(Entries taken from a collection)
# # #
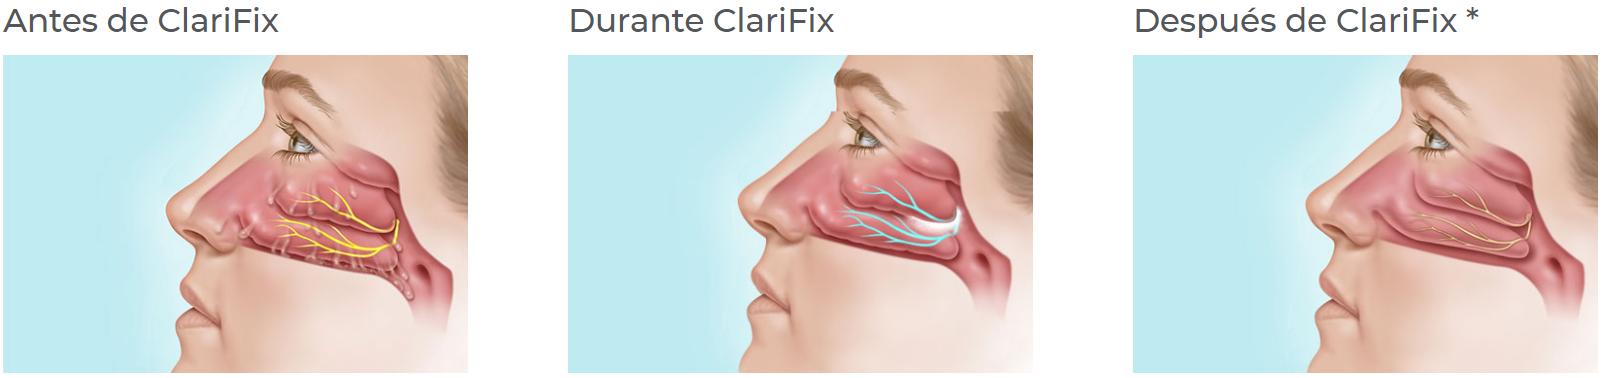 clarifix rinitis crónica
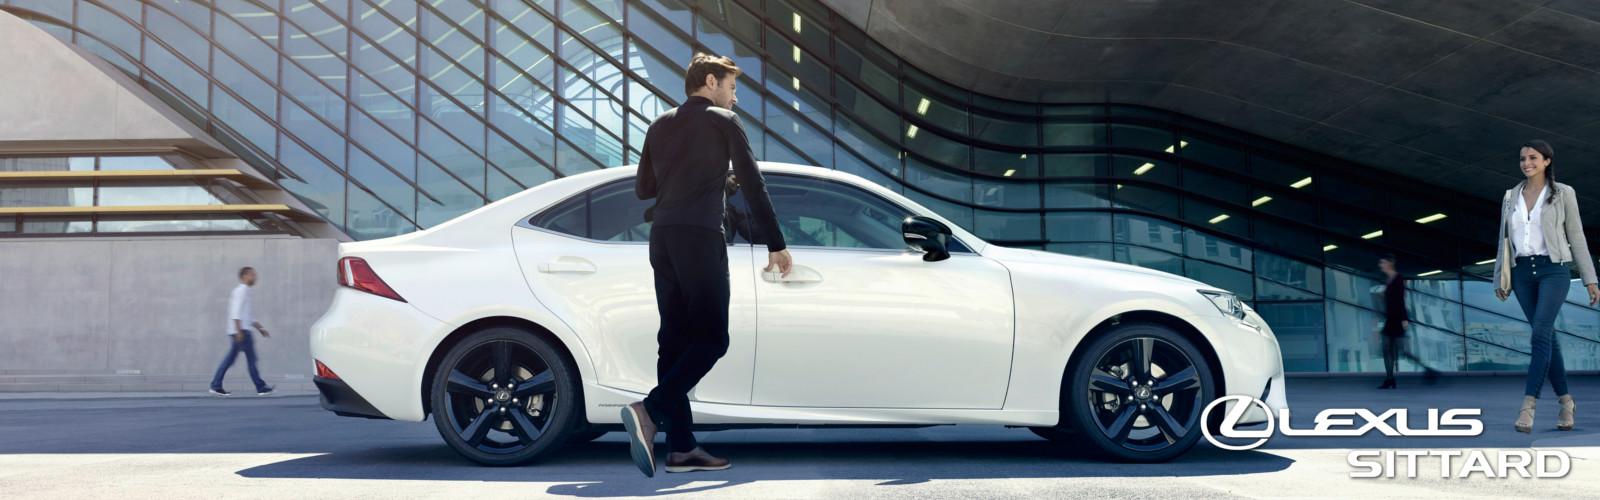 Proefrit en inruilvoorstel Lexus Sittard
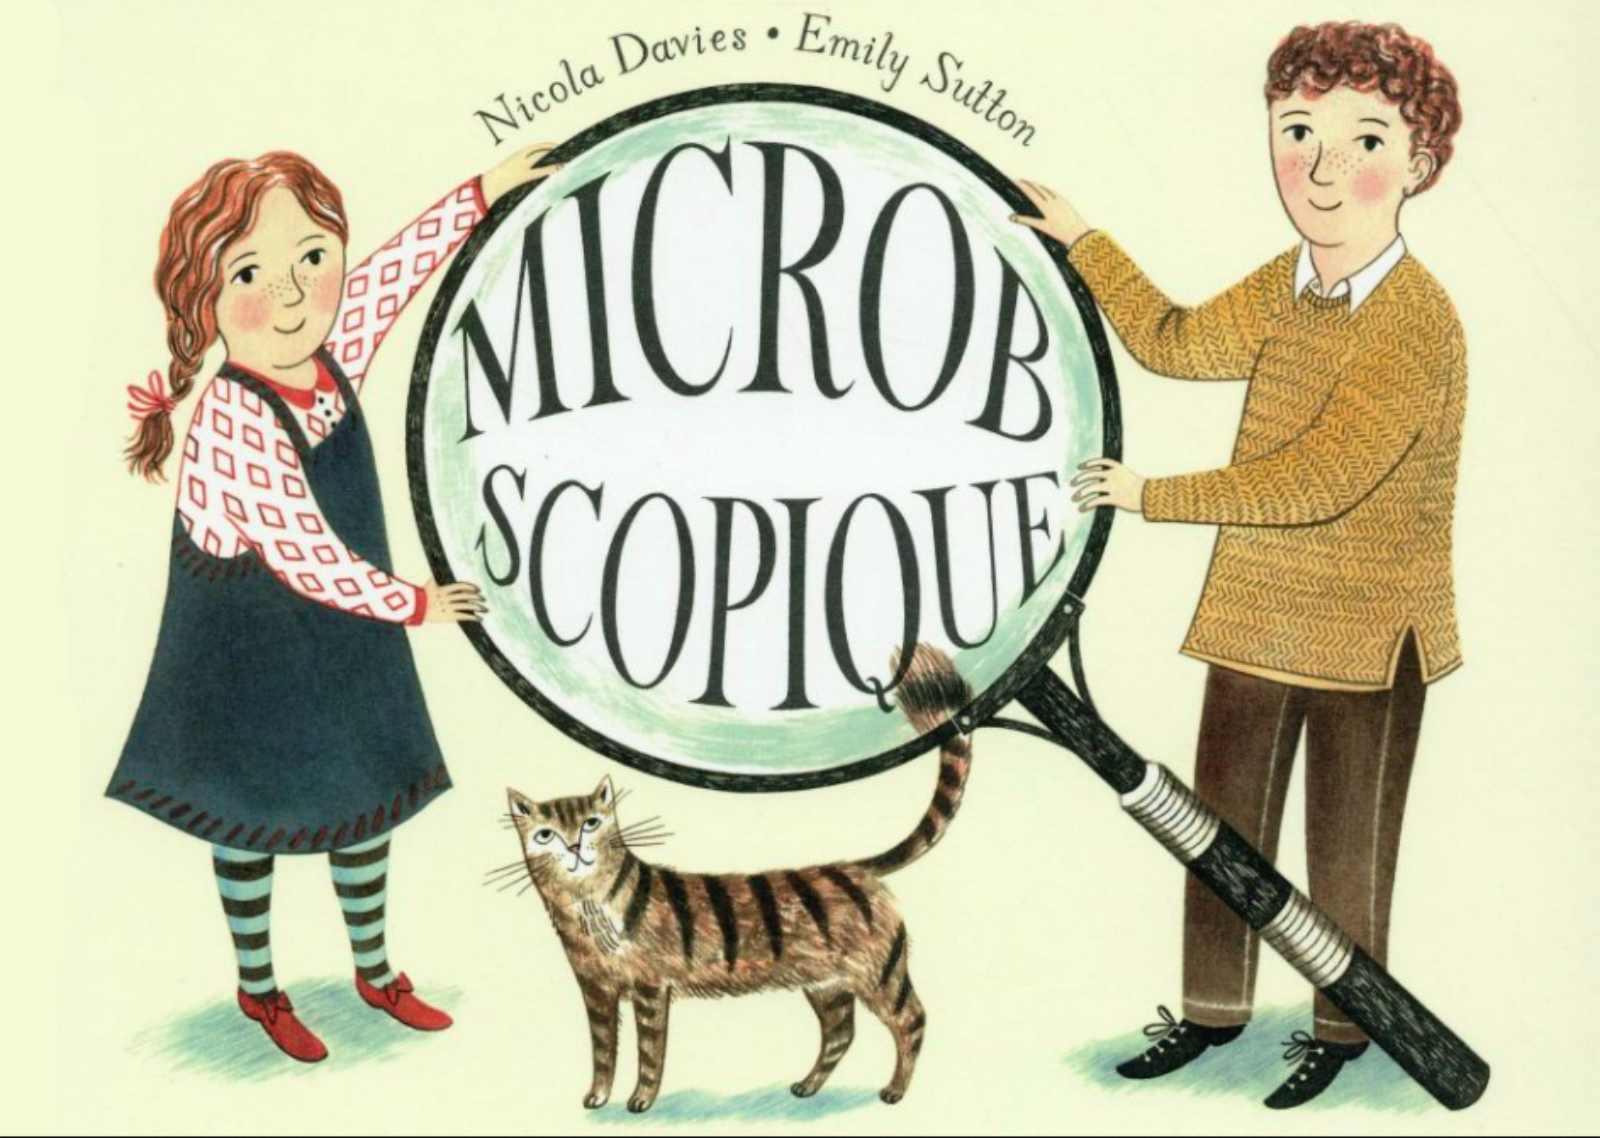 Microbscopique : le minimonde FASCINANT des microbes
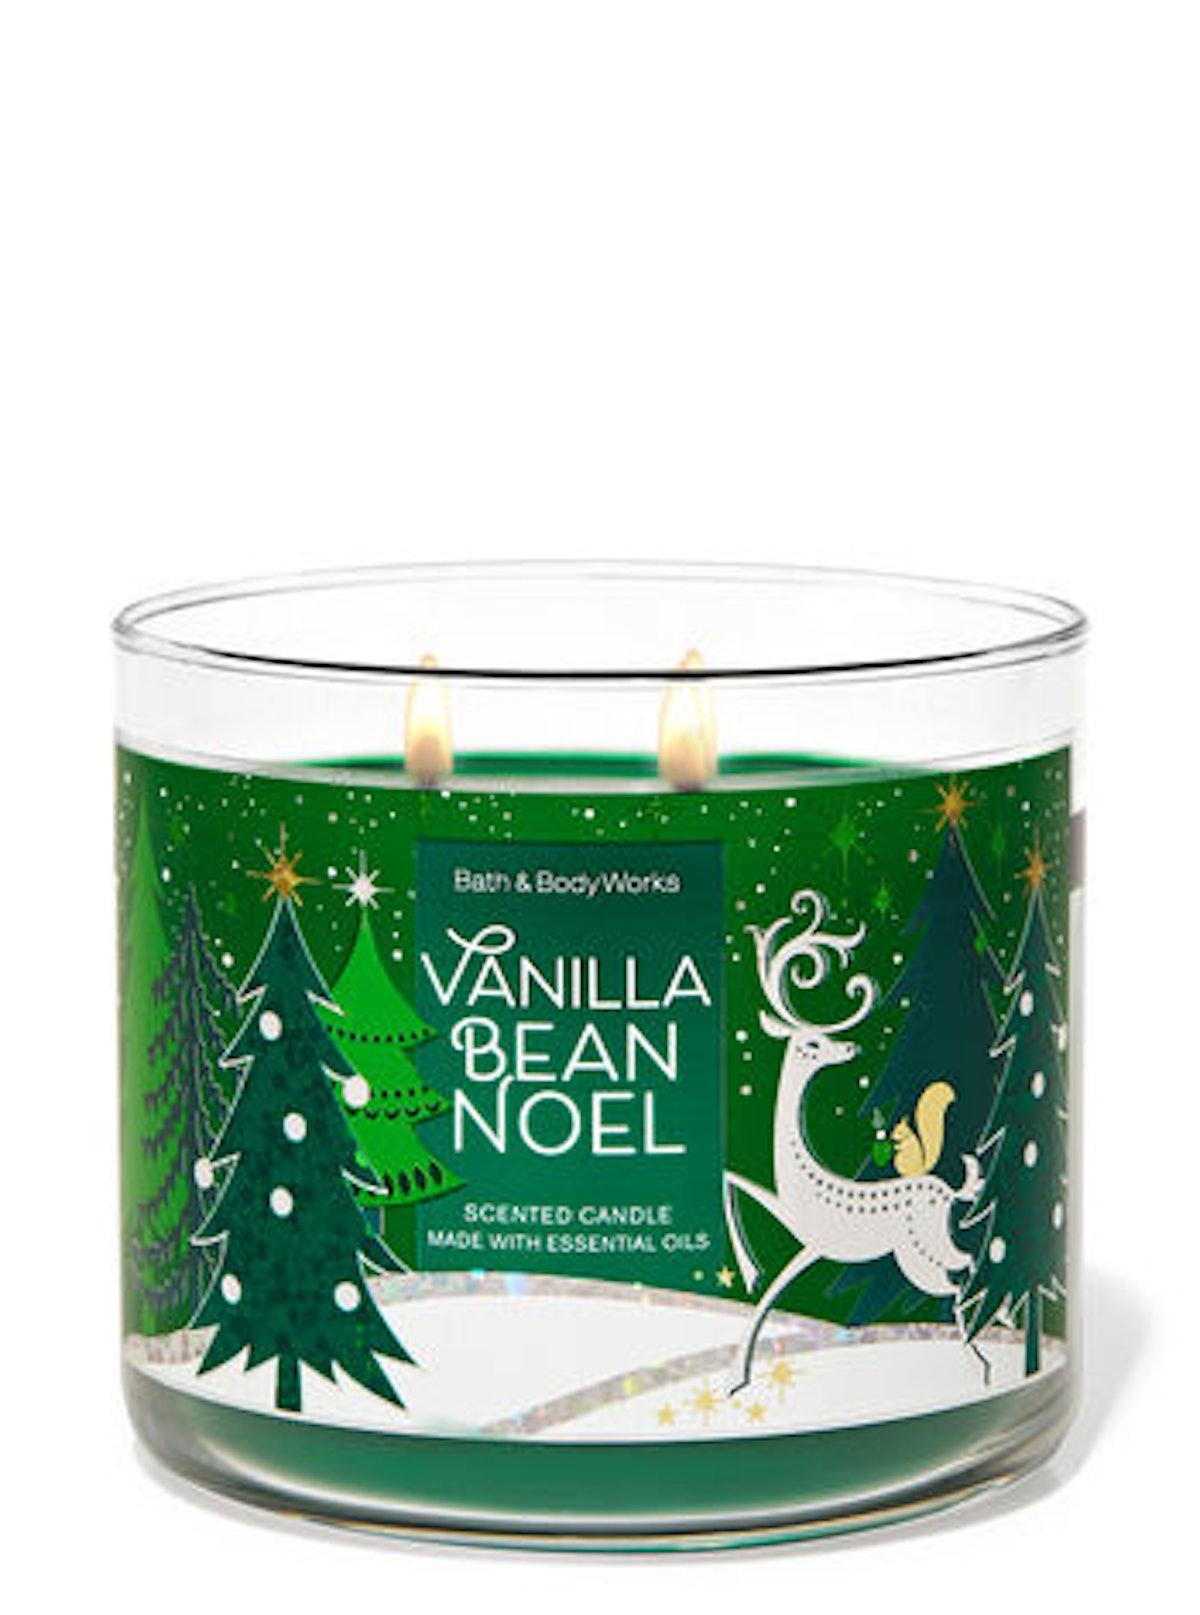 Vanilla Bean Noel Three-Wick Candle
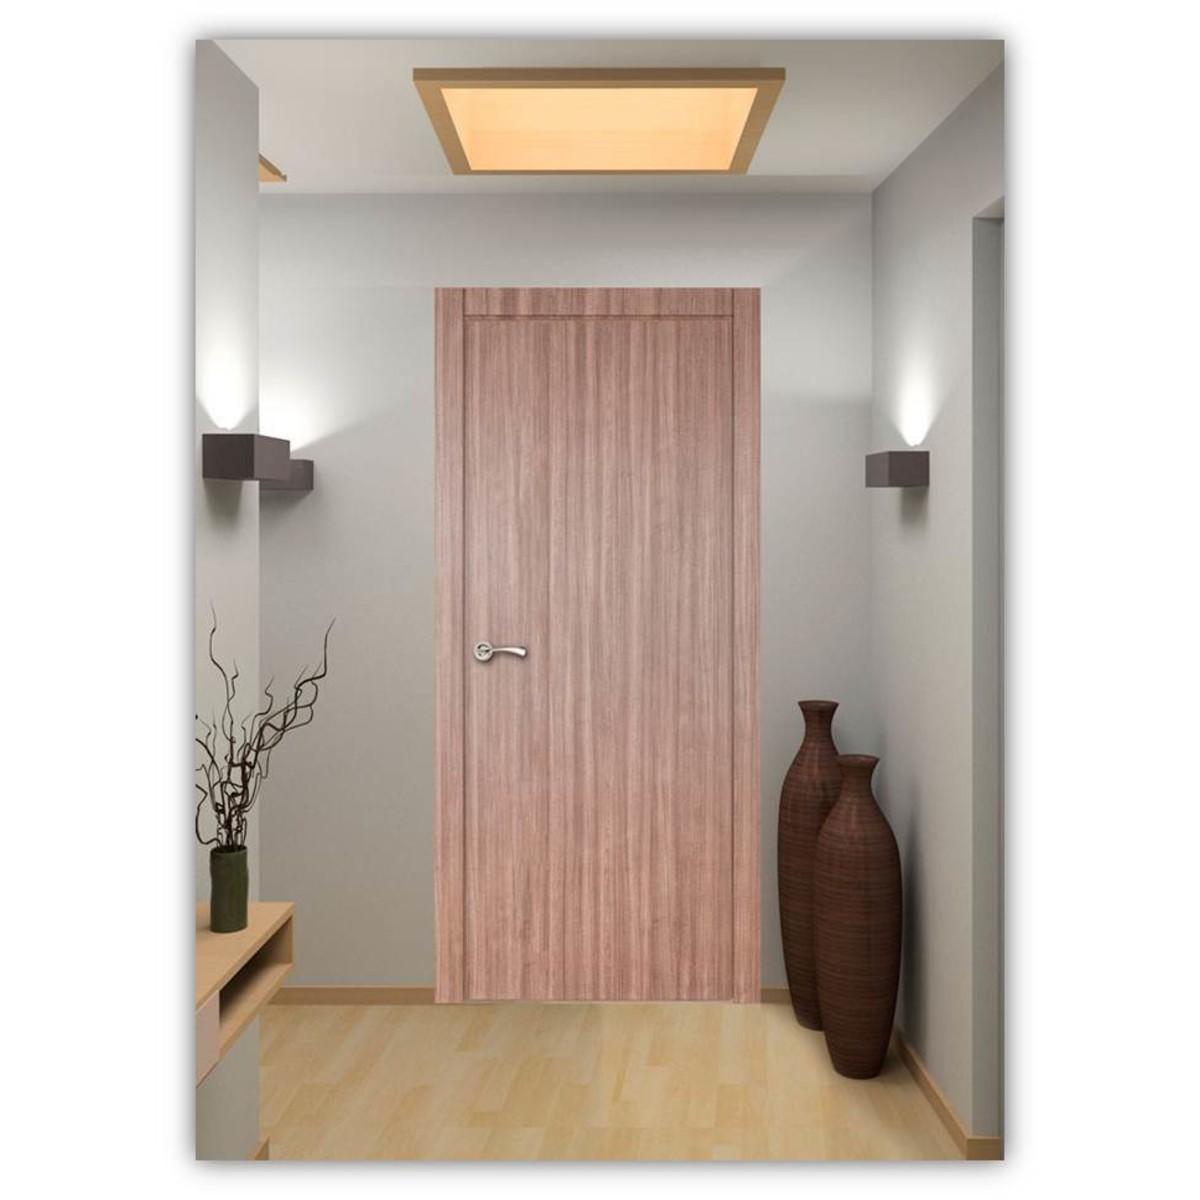 Дверь Межкомнатная Глухая Селена 70x200 Цвет Орех
# # #
> [Instructions to follow] Return, exactly as they stand, all of the lines above, but not the pictures.

> [Written answer]
 clarifix rinitis crónica
 Proefrit en inruilvoorstel Lexus Sittard
 Microbscopique : le minimonde FASCINANT des microbes
 Vanilla Bean Noel Three-Wick Candle
 Дверь Межкомнатная Глухая Селена 70x200 Цвет Орех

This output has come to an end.